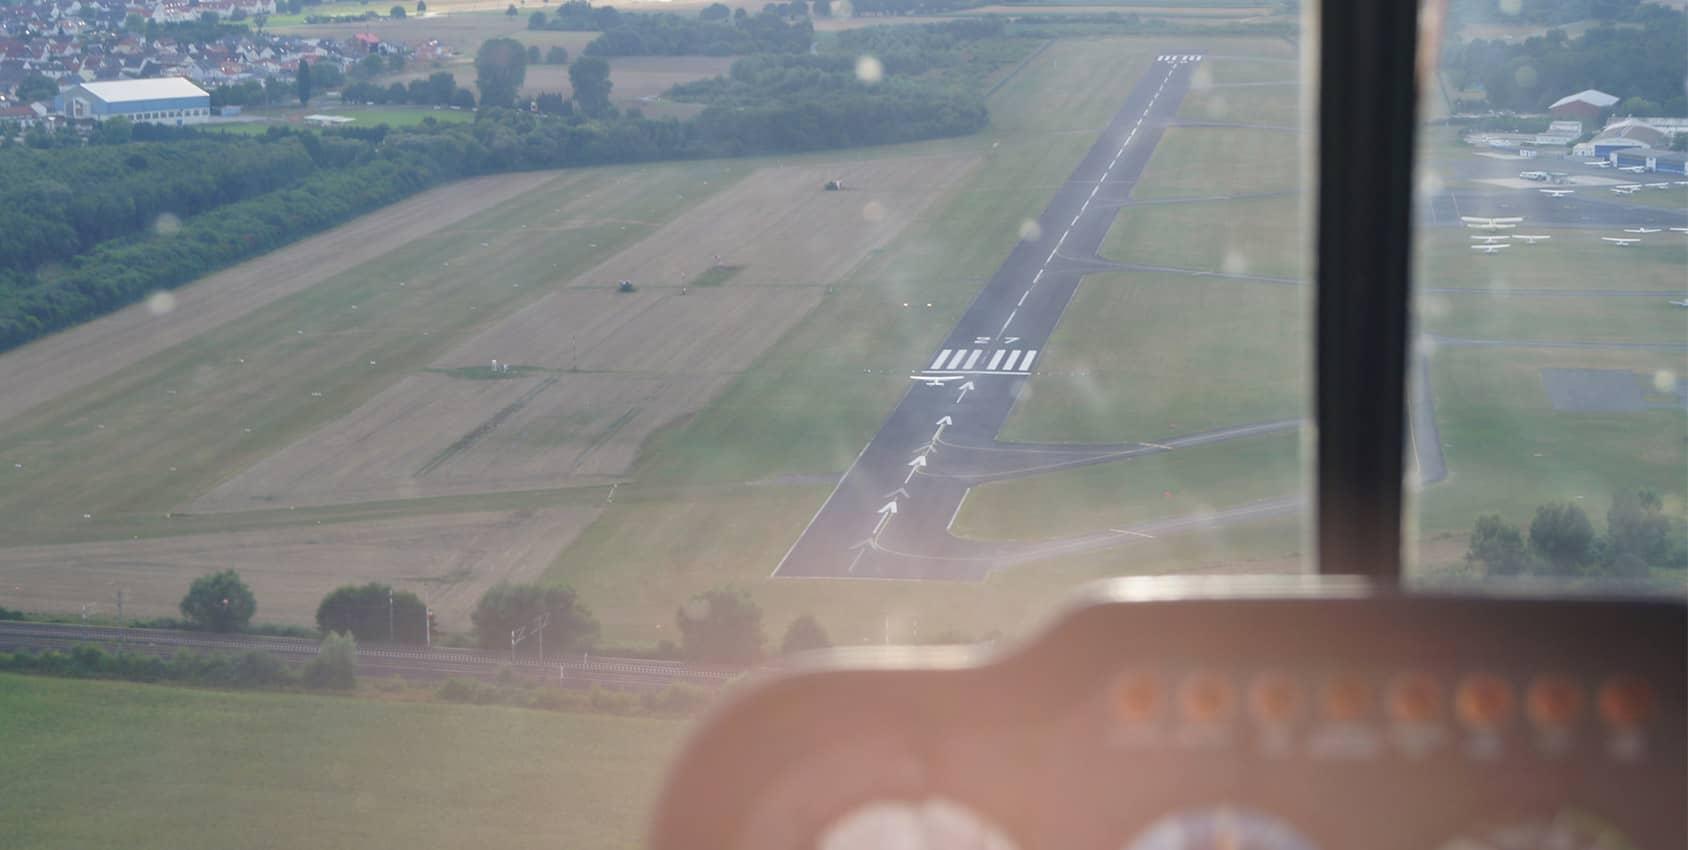 Atterrissage sur un aérodrome
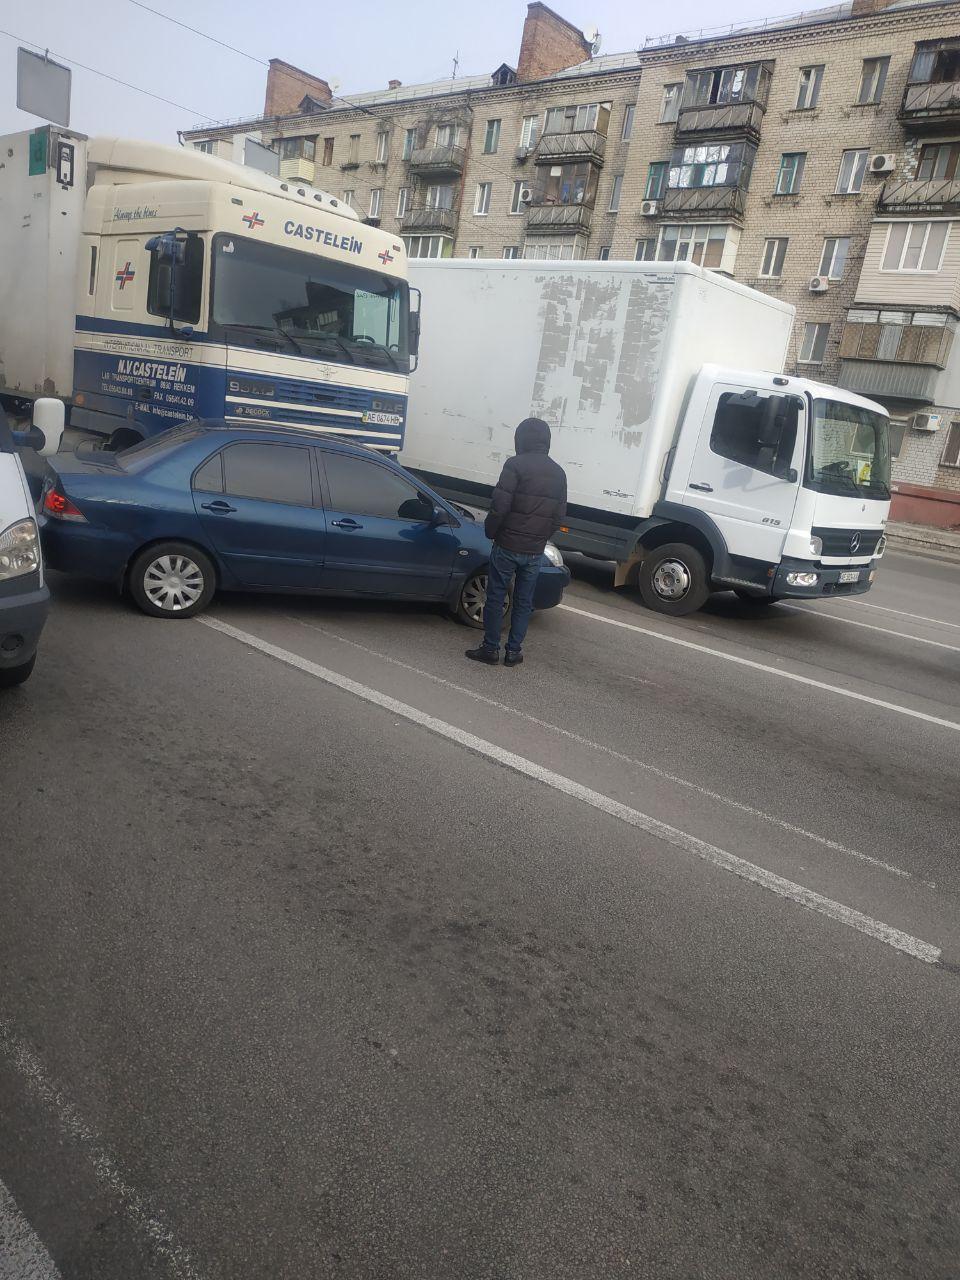 ДТП на Слобожанском проспекте: фура врезалась в легковой автомобиль
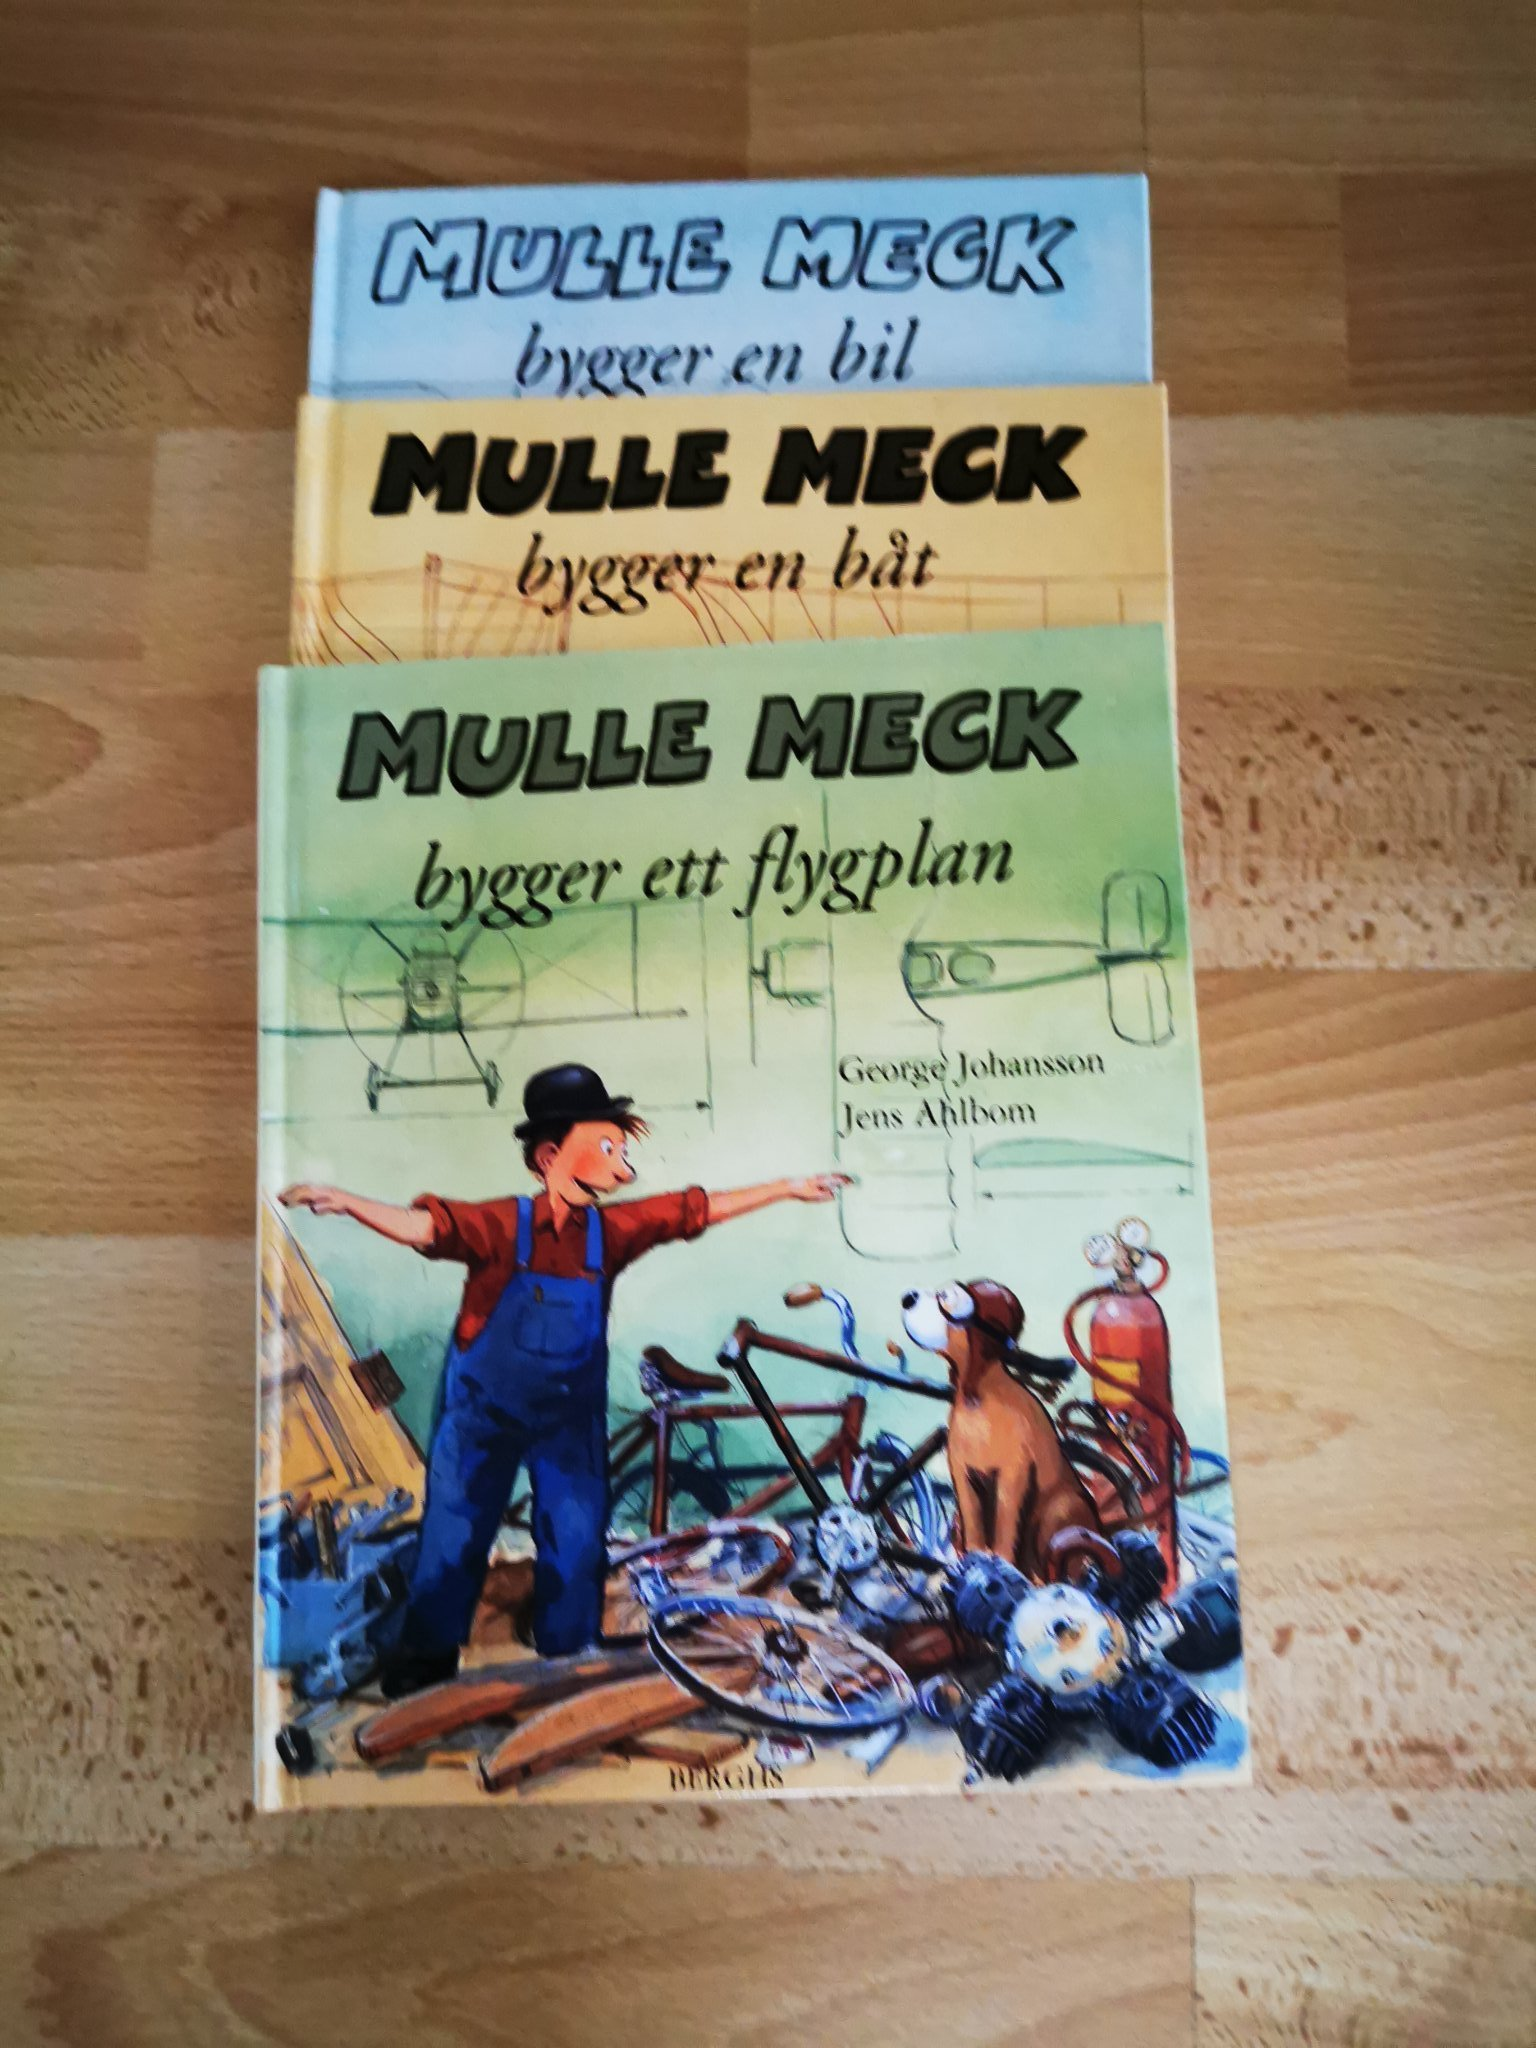 Bocker Med Mulle Meck 367404783 ᐈ Kop Pa Tradera

• • •

:: PROBLEM REQUIREMENTS ::
For this copy, leave pictures out and reproduce the lines from the one bearing "ДТП на Слобожанском" through the final line of the listing above, both ends included.

:: EXERCISE RESPONSE ::
 ДТП на Слобожанском проспекте: фура врезалась в легковой автомобиль
 Bocker Med Mulle Meck 367404783 ᐈ Kop Pa Tradera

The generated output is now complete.